1. Unplug the HDMI cable from your console, but NOT from the TV. Find the regular component cables that came with your Xbox (red, yellow, white), and hook them up to your console, then the TV.

2. Make sure your TV is on the right video setting (this varies by TV) and turn on your Xbox. You should get to the profile selection screen or it will automatically select one. Either way, select a profile. Then STOP.

3. Put the controller down and go to the back of your TV and Xbox. For the record, this next step IS safe and wont destroy your components or cables.
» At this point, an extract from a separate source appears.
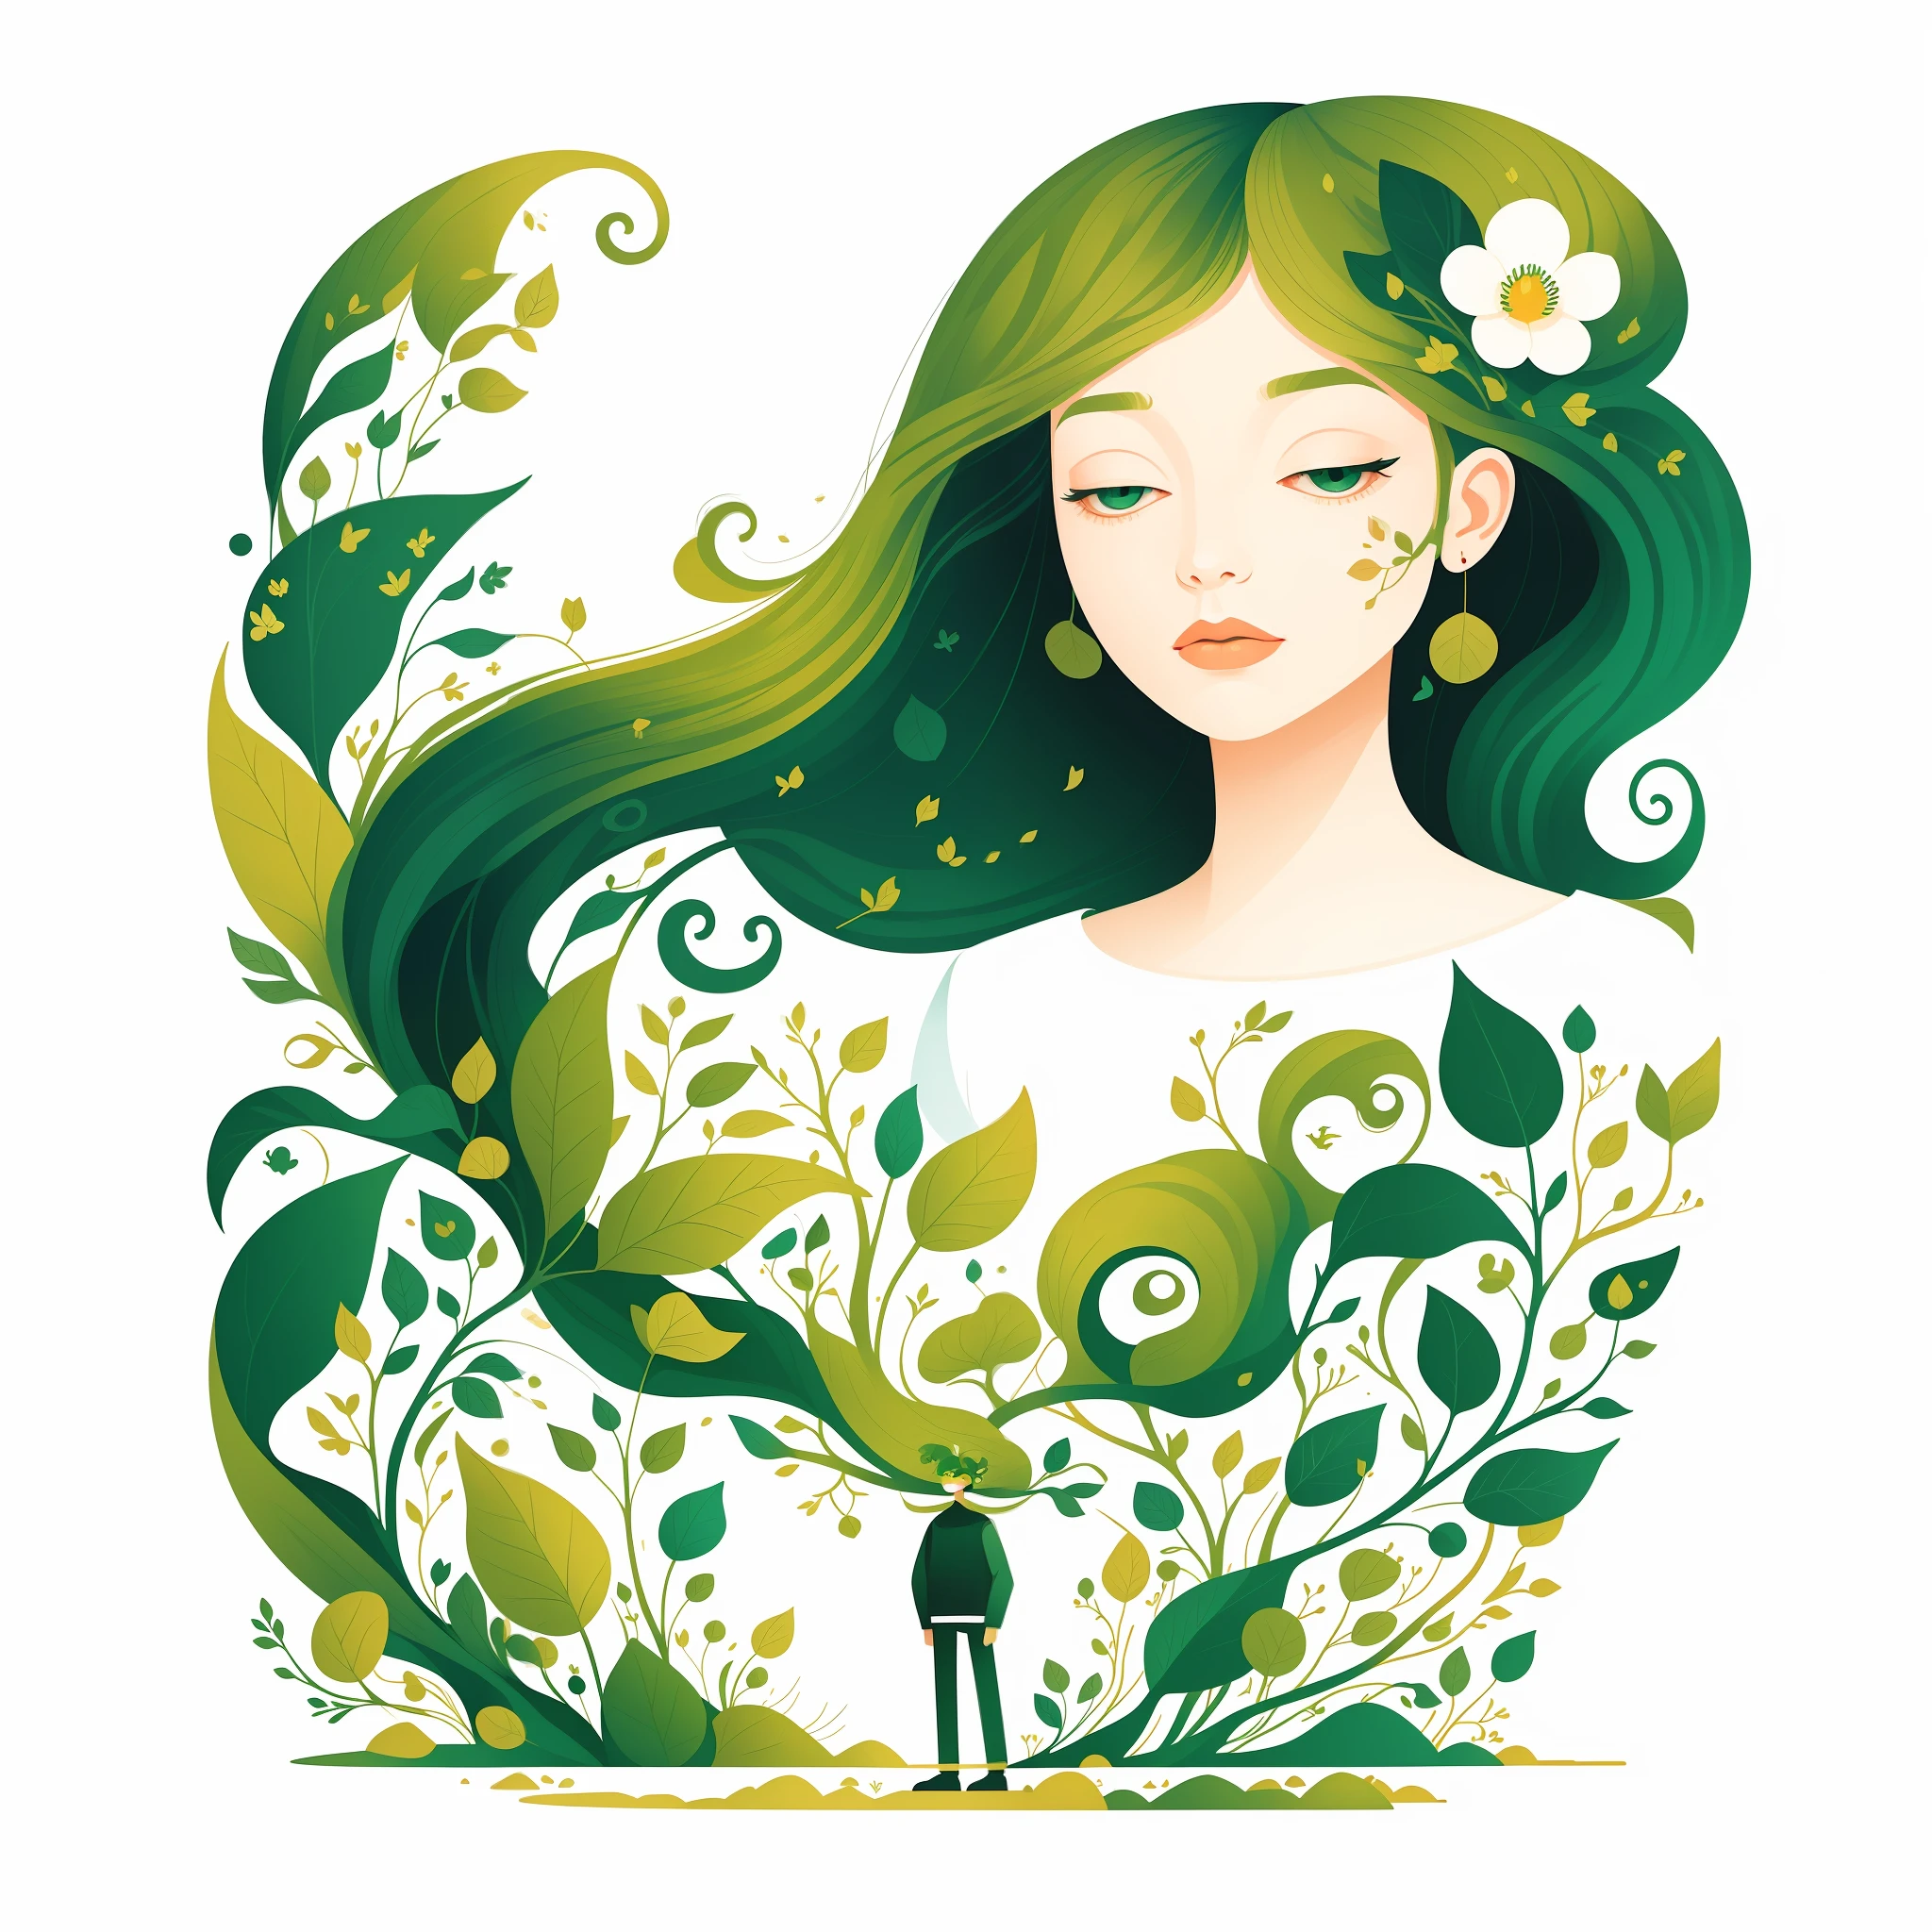 (Иллюстрация:1.3) зеленый человек,  Изолированные на пустом чисто белом фоне(3)(художница Анна Диттман:1), (((шедевр))), (((Лучшее качество))),((очень нежный и красивый)), Плоская иллюстрация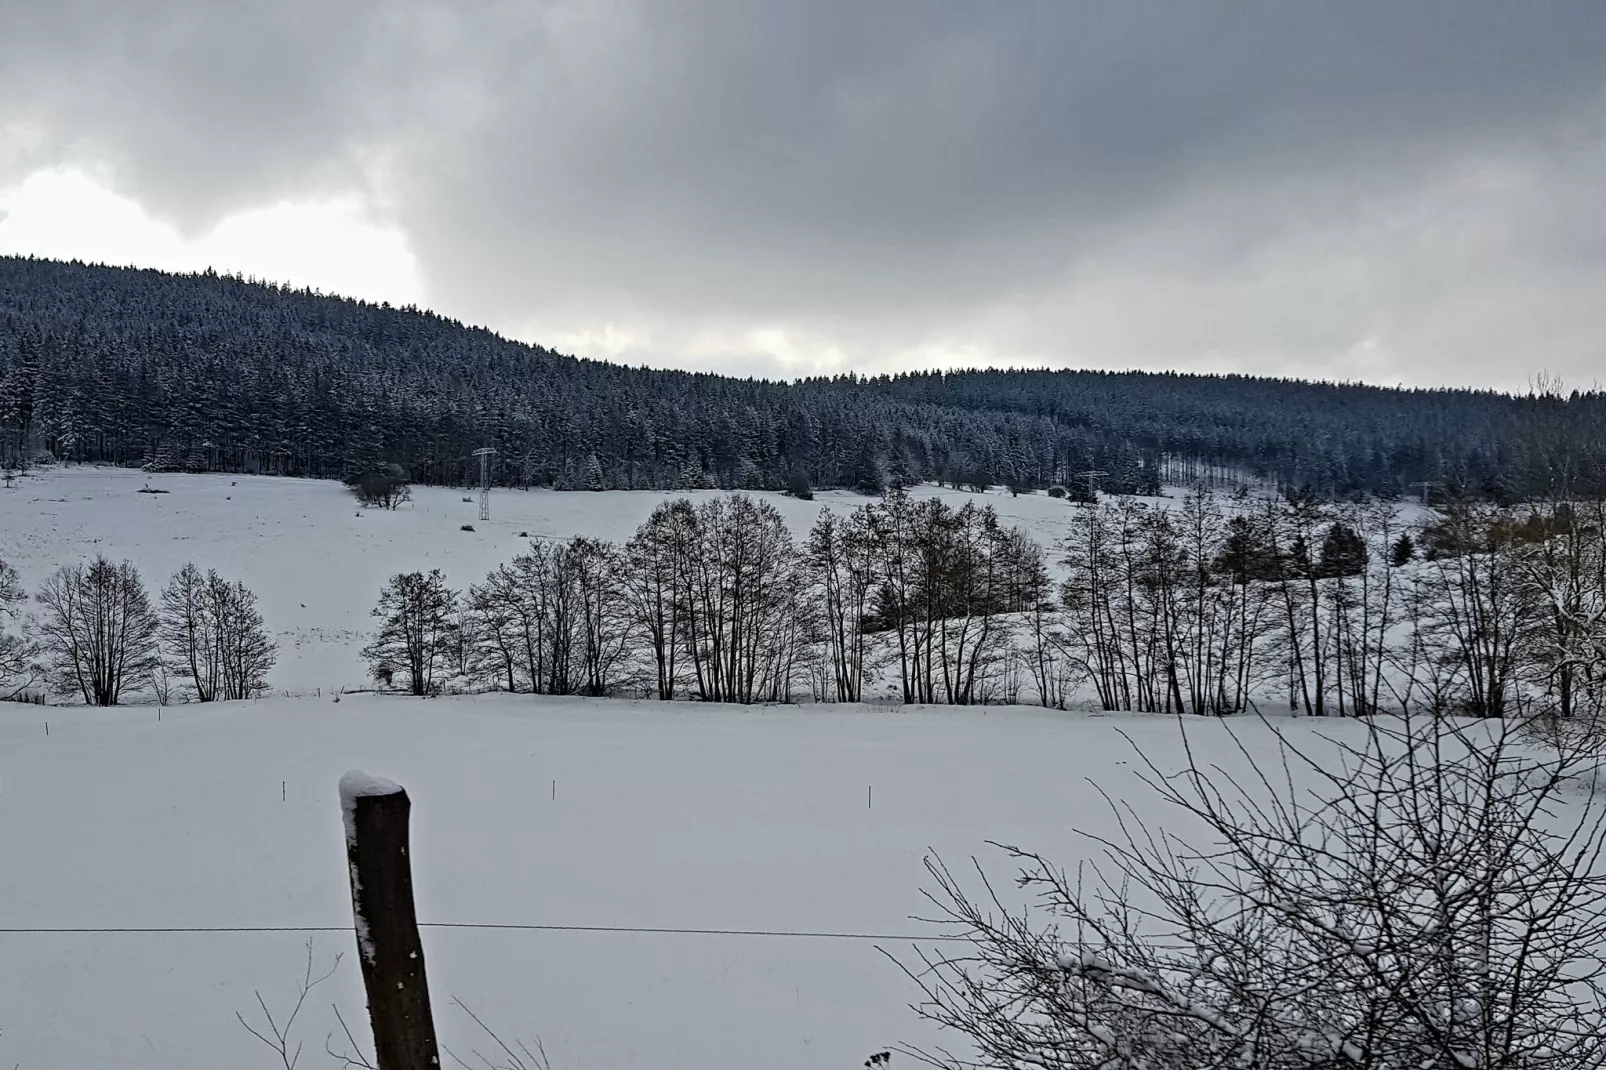 Gasse-Gebied winter 5km

MAKE SURE that one end of the HDMI cable is connected to your TV. Unplug the component cables from the TV first, and then the Xbox. again, this will NOT damage the cables or TV or Xbox, I've personally used this fix. Now, plug the loose end of the HDMI cable in to the back of the Xbox. Remember, the other end should ALREADY be plugged into your TV.

4. Enter this button combo and remember you wont see anything or hear anything on the screen at this time. DPAD RIGHT 9 Times, A BUTTON 4 times, LEFT CONTROL STICK UP 3 times. Set your TV to the video setting you use for HDMI and then Press A BUTTON Once. VOILA! You've got your display back. Choose the setting that best reflects your TVs personality and have fun!

You're Welcome :smile:


----------



## bwsealirl (Jan 10, 2010)

Thanks for this, much appreciated. Ill keep note of it.


----------